Pullmor motors work well, but are more dependent on track voltage. Their magnets rely on track power for their field strength so need a bit more starting voltage. Can motors use permanent magnets which is why they can operate at much slower speeds reliably. How many cars? Modern or PW era cars? Any grades to climb? All of those play a factor. 

GRJ will likely have a few good recommendations to upgrade the electronics.

Carl


----------



## Wabashbud (Jun 25, 2010)

Great response to a difficult question. and the answer can be understood.

Bud


----------



## Lee Willis (Jan 1, 2014)

it probably is a bit a matter of taste and a bit more what you mean by better.

Pullmors are pretty good motors, but as said they use track power for the field and as such they are 
a) potentially noisier (if the stator windings get loose, as they often do in old age, they buzz a bit), 
b) definately use more power (that field doesnt come for free, unlike in can motors). c) They run more non-linearly that you are used to on newer modern power supplies that use choppers and other fancy waveshaping, like the ZW-L (they operate well enough, but 1/4 throttle might do next to nothing, 1/2 throttle gets you a little power, and suddenly 2/3 thorttle gets you A LOT - more than you wanted. Things like that. 
d) if old their brushes can spark, which is disconcerting to some. 

My only big complaint is the power usage and its a big enough problem that mine sit on the shelf alot. I have the Lionel ATSF nniversary passenger set from around 2000 with its four Pullmore powered A-B-B-A F3s. Four Pullmors starting out on my ZW-L will demenad a good amount of current, so in combination with six or so of the sets lighted cars, the current will hit the ZW-Ls single channel maximum of 10 amps. 

I really like can motors: quiet, compact and easy to fit, and if big enough and well-enough designed, very powerful and durable.


----------



## Yellowstone Special (Jun 23, 2015)

Thank you, Carl. Since I run only conventional, I don't think this would be a problem for Pulmor motors. I would be running this train (The Santa Fe Super Chief) at higher speeds anyway on it's own loop. Appreciate your reply.


----------



## Yellowstone Special (Jun 23, 2015)

And thanks to you, Lee. I hadn't thought about the power consumption for these older motors. In fact, it's the engines from this set you have that are offered on Ebay right now, new for just under $400. However, it's just an ABA set with one powered A unit. I use a Z-4000 for this train, but sounds like the Pulmors would still use a lot of power.

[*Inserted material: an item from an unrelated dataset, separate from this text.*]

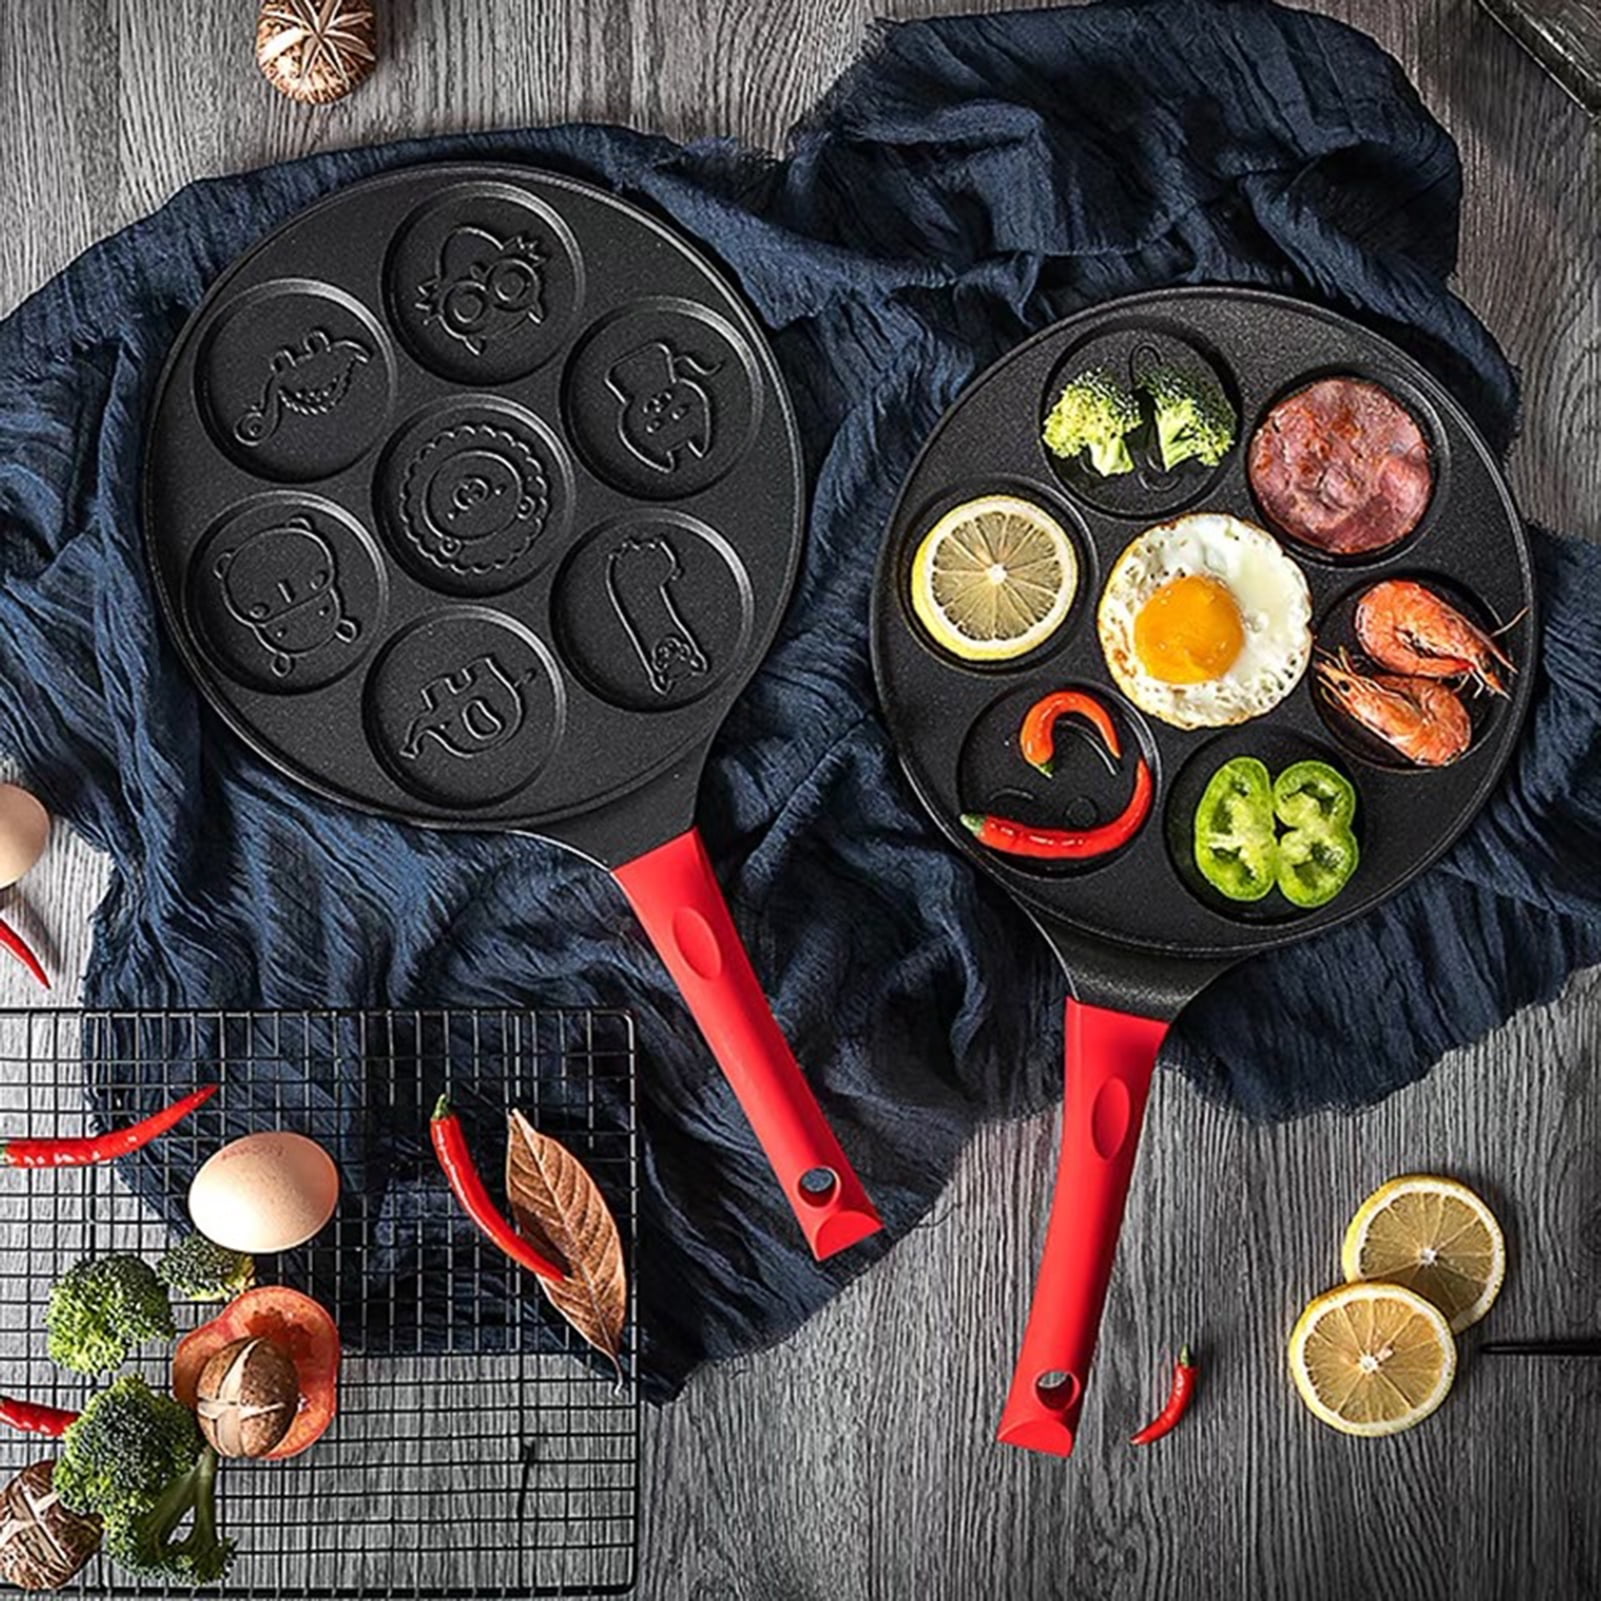 Pancake Pan with Handle 7 Animal Molds Pancake Maker Pan for Kids€
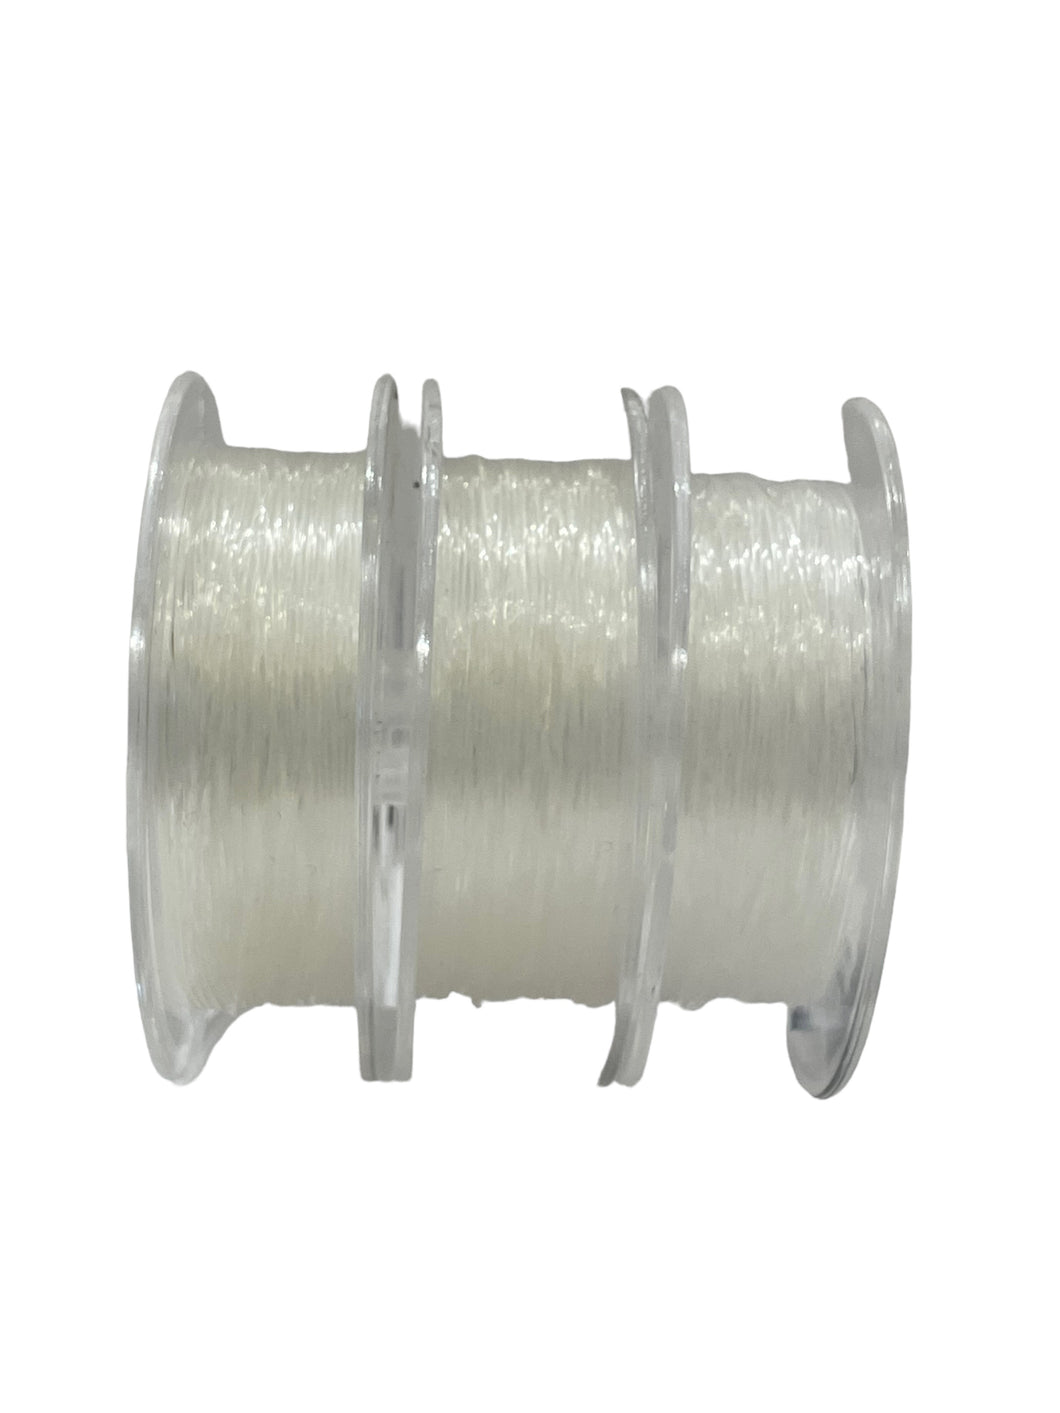 Bobine de fil elastique silicone renforcé 0.3-1mm

I'm wondering if the problem with this engine I've had so much trouble with, is that it's the only Lionel scale F3 I know of (Santa Fe #17) with the single axle drives on each truck, giving it just 2 powered axles. Seems like an 8-wheel drive for this engine would have been better. I have it pulling a matching unpowered B and 5 15" aluminum cars. It's seldom run more than 15 minutes a session, maybe 3 or 4 days a week and after about a year, just seems to wear out.

So, I don't know. I'm wondering if I should get a matching powered B with the can motors to take the strain off the "underpowered" A unit, although both powered units would be conventional. In fact, I'm running this engine up to an Lionel service station right now to have it fixed for the 4th time. A bit frustrating.


----------



## Lee Willis (Jan 1, 2014)

Yellowstone Special said:


> I'm wondering if I should get a matching powered B with the can motors to take the strain off . . . .


Im not sure that would be a great idea. A Pullmor motor and a can motor loco together will be an odd mix, having _really _different voltage-versus-speed curves, so at most voltages one or the other will be doing a lot more work than the other - probably the can at lower voltages and the Pullmor at higher. Even when I run combinations of can-motor locos "not meant to be run together," like a 3rd Rail F7 and a Lionel F8, they are both can motor locos and so they tend to react roughly the same.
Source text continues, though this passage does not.